By Bayes Rule, $q(X_t|X_{t-1}) = \frac{q(X_{t-1}|X_{t},X_{0}) q(X_{t-1}|X_{t},X_{0})}{q(X_{t-1}|X_0)}$

=> 위의 $\sum$ 내부의 $q(X_t|X_{t-1})$에 이 식을 대입.

(2)는

$ E_q[ -log(p_{\theta}(X_T)) + \sum_{t=2}^{T}log \frac{q(X_{t-1}|X_{t},X_{0}) q(X_{t}|X_{0}) } {p_{\theta}(X_{t-1}|X_t) q(X_{t-1}|X_{0})} + log \frac{q(X_1|X_0)}{p_{\theta}(X_0|X_1)} ]$

이고,

$ E_q[ -log(p_{\theta}(X_T)) + \sum_{t=2}^{T}log \frac{q(X_{t-1}|X_{t},X_{0})} {p_{\theta}(X_{t-1}|X_t)} + \sum_{t=2}^{T}log \frac{q(X_{t}|X_{0}) } {q(X_{t-1}|X_{0})} + log \frac{q(X_1|X_0)}{p_{\theta}(X_0|X_1)} ]$ 로 정리된다.
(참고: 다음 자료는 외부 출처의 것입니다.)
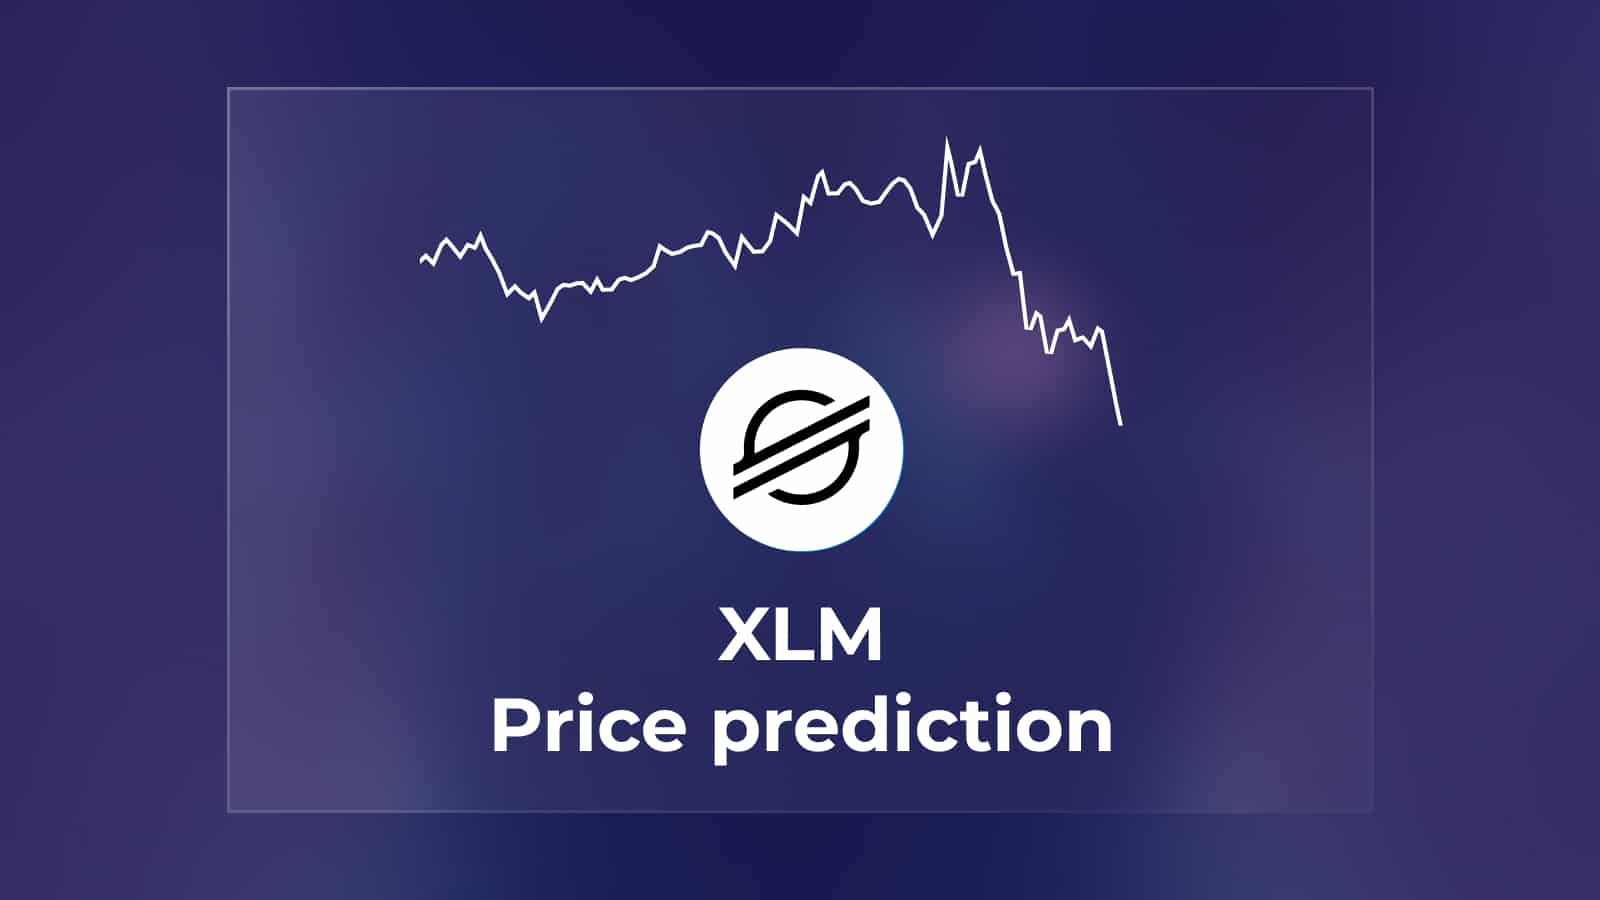 Xlm Price Prediction Featured Image

$ E_q[ -log(p_{\theta}(X_T)) $ + $ \sum_{t=2}^{T}log \frac{q(X_{t-1}|X_{t},X_{0})} {p_{\theta}(X_{t-1}|X_t)}$ + $ \sum_{t=2}^{T}log \frac{q(X_{t}|X_{0}) } {q(X_{t-1}|X_{0})}$ + $ log \frac{q(X_1|X_0)}{p_{\theta}(X_0|X_1)} ]$ $\dots$ (3)
[A] [B] [C] [D]

$ [C] = log(\frac{q(X_2|X_0)}{q(X_1|X_0)} \times \frac{q(X_3|X_0)}{q(X_2|X_0)} \times \dots \times \frac{q(X_T|X_0)}{q(X_{T-1}|X_0)}) = log(\frac{q(X_T|X_0)}{q(X_1|X_0)})$

$[C]+[D] = log(\frac{q(X_T|X_0)}{q(X_1|X_0)}) + log(\frac{q(X_1|X_0)}{p_{\theta}(X_0|X_1)}) = log(\frac{q(X_T|X_0)}{p_{\theta}(X_0|X_1)})$

$ E_q[ -log(p_{\theta}(X_T)) $ + $ \sum_{t=2}^{T}log \frac{q(X_{t-1}|X_{t},X_{0})} {p_{\theta}(X_{t-1}|X_t)}$ + $ log \frac{q(X_T|X_0)}{p_{\theta}(X_0|X_1)} ]$ $\dots$ (4)
[A] [B] [C] + [D]

$ [A] + [C] + [D] = log\frac{q(X_T|X_0)}{p_{\theta}(X_T)} - log (p_{\theta}(X_0|X_1)) $

마지막으로 [A] + [B] + [C] + [D]를 정리해보면 다음과 같다.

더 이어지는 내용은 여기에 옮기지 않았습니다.